● Material for this task
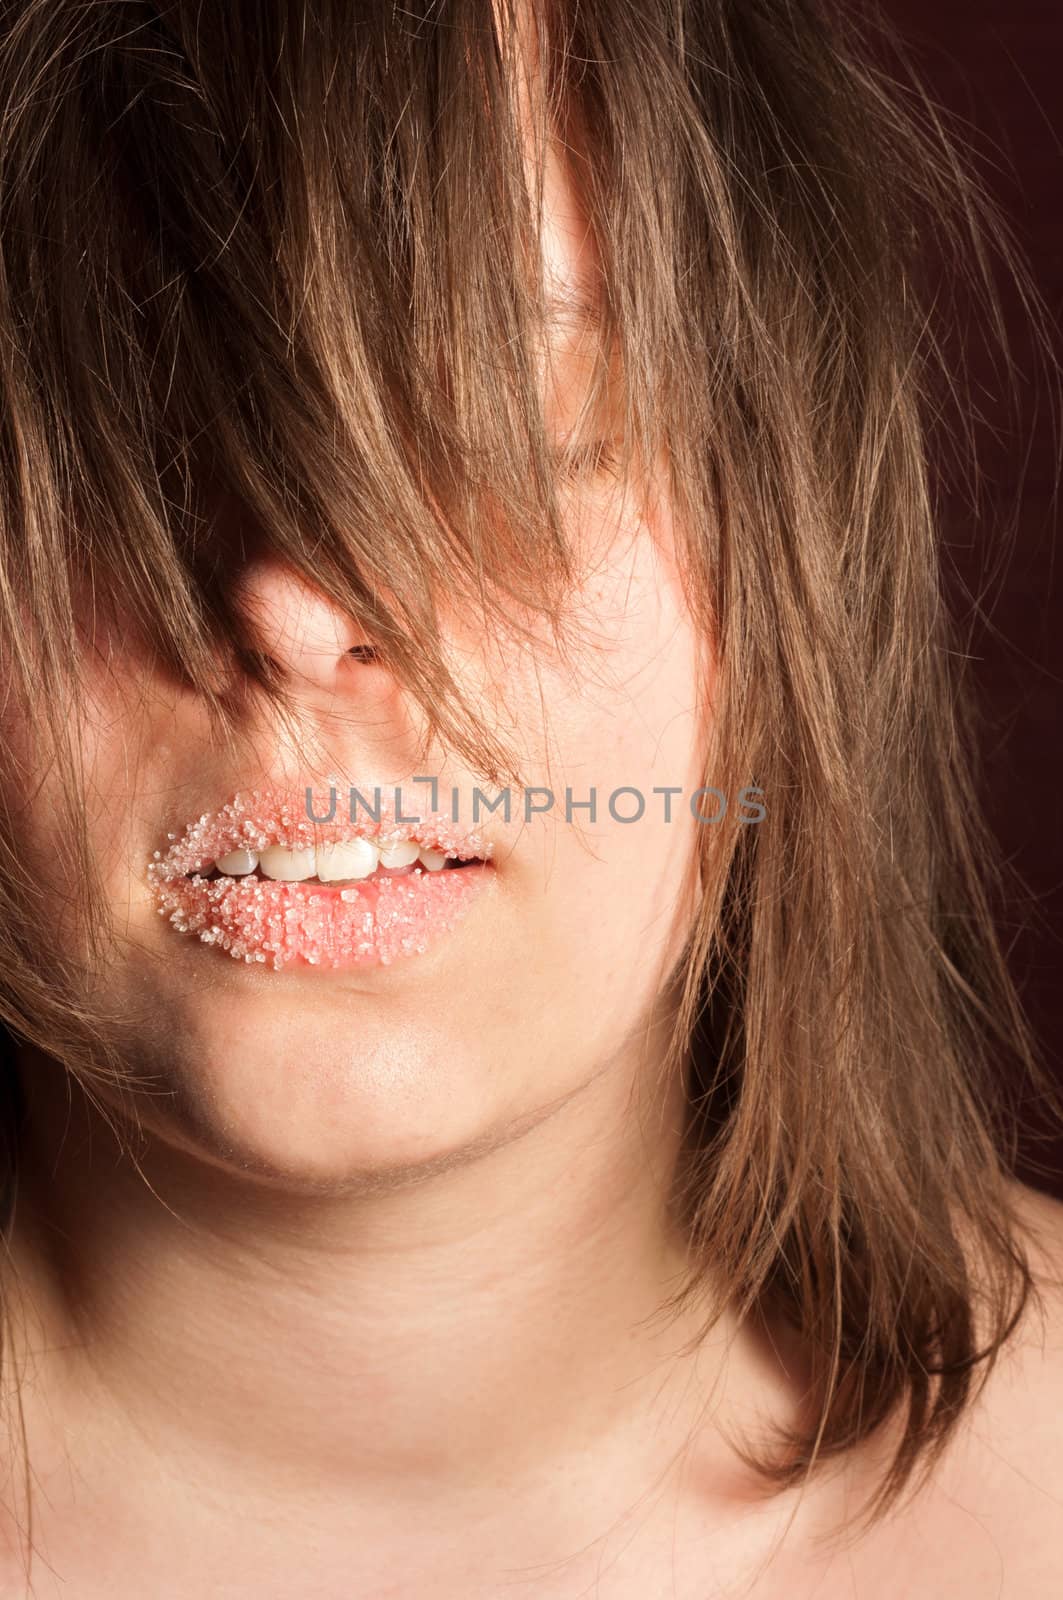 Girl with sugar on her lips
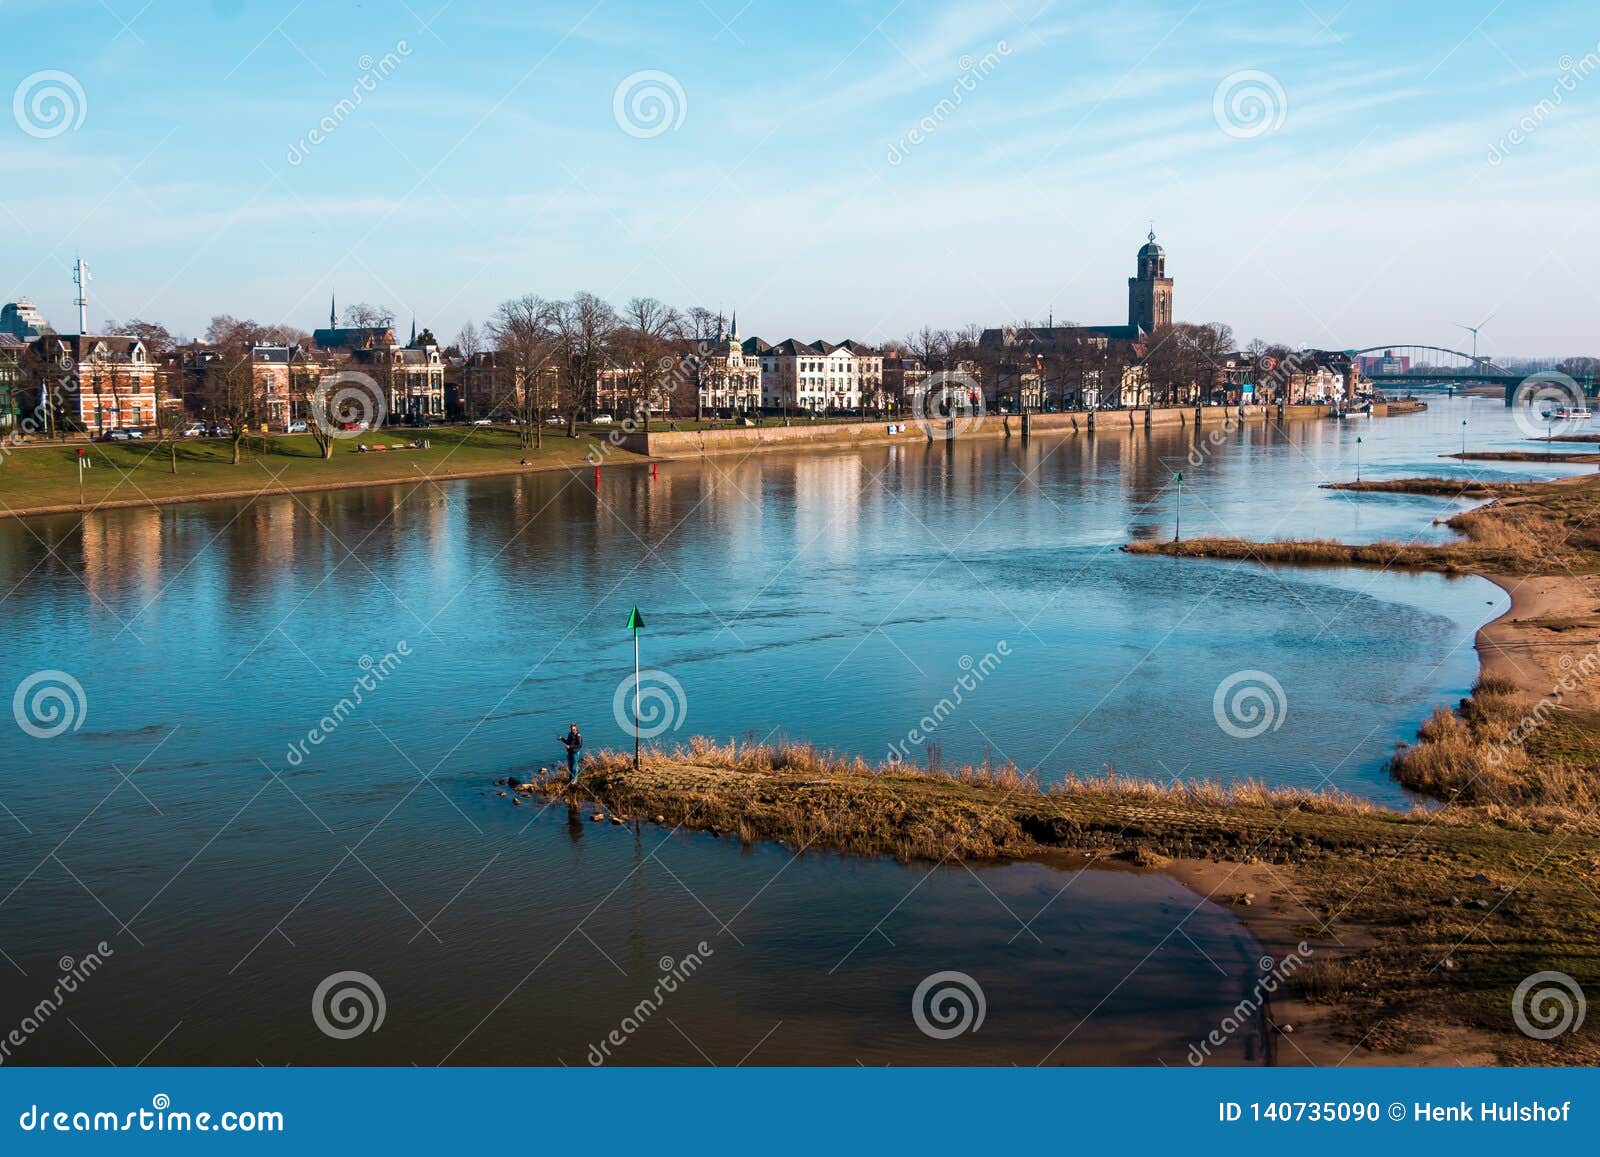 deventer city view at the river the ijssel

...

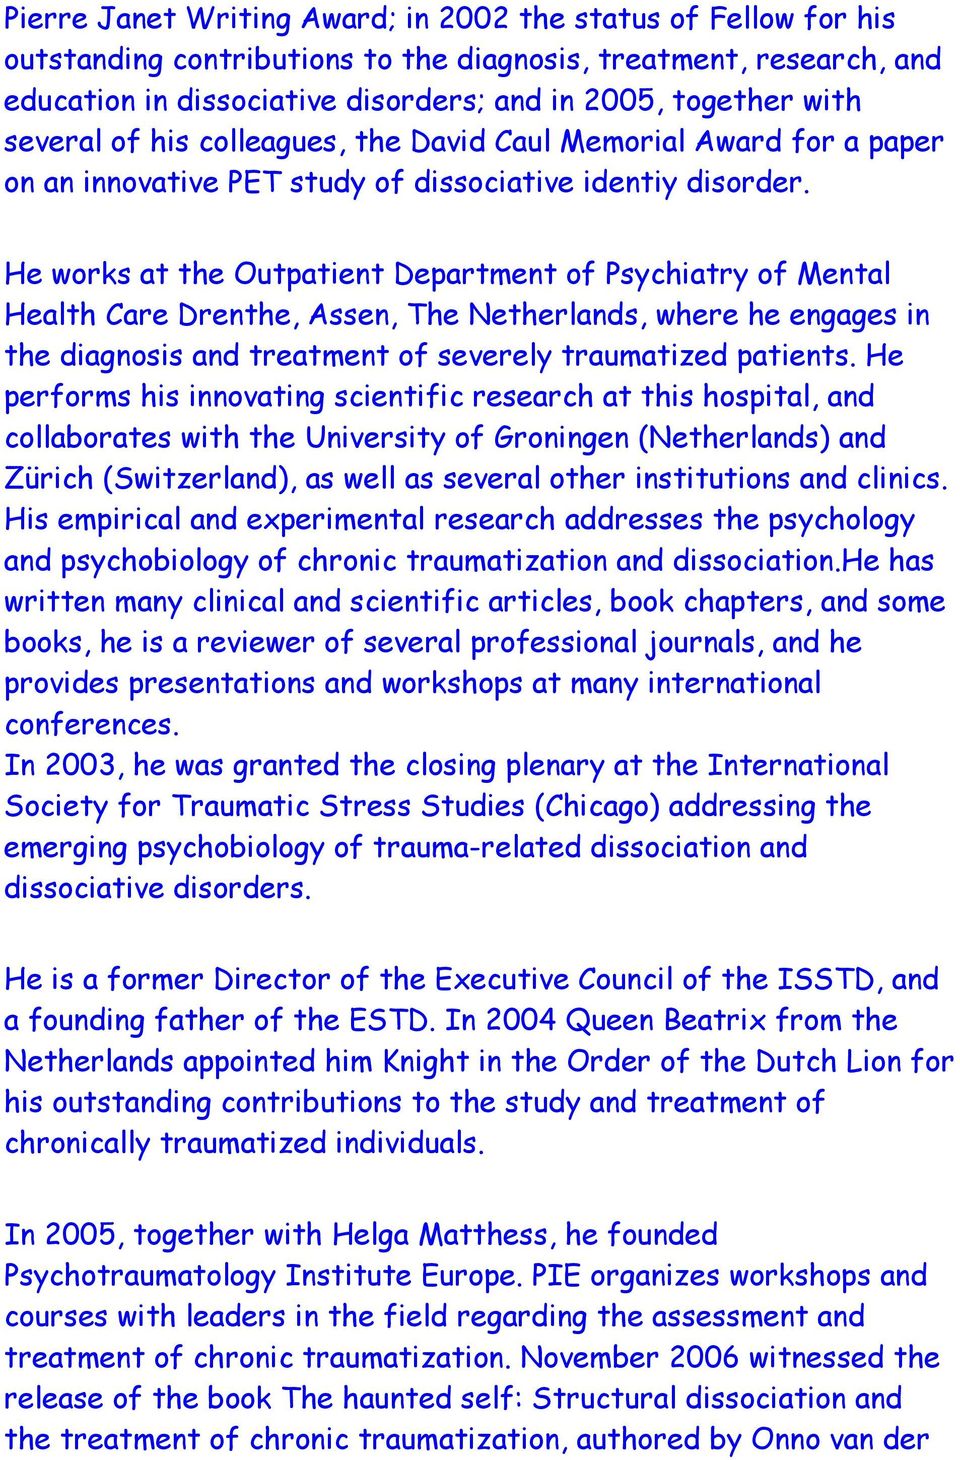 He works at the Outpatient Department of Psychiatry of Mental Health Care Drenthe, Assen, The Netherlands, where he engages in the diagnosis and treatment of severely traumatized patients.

● Task statement
Skipping the pictures, print the lines in the listing above exactly as written, starting at the line with "Girl with sugar on her lips" and ending at the line with "deventer city view at the river the ijssel", both included.

● Answer for the task
 Girl with sugar on her lips
 deventer city view at the river the ijssel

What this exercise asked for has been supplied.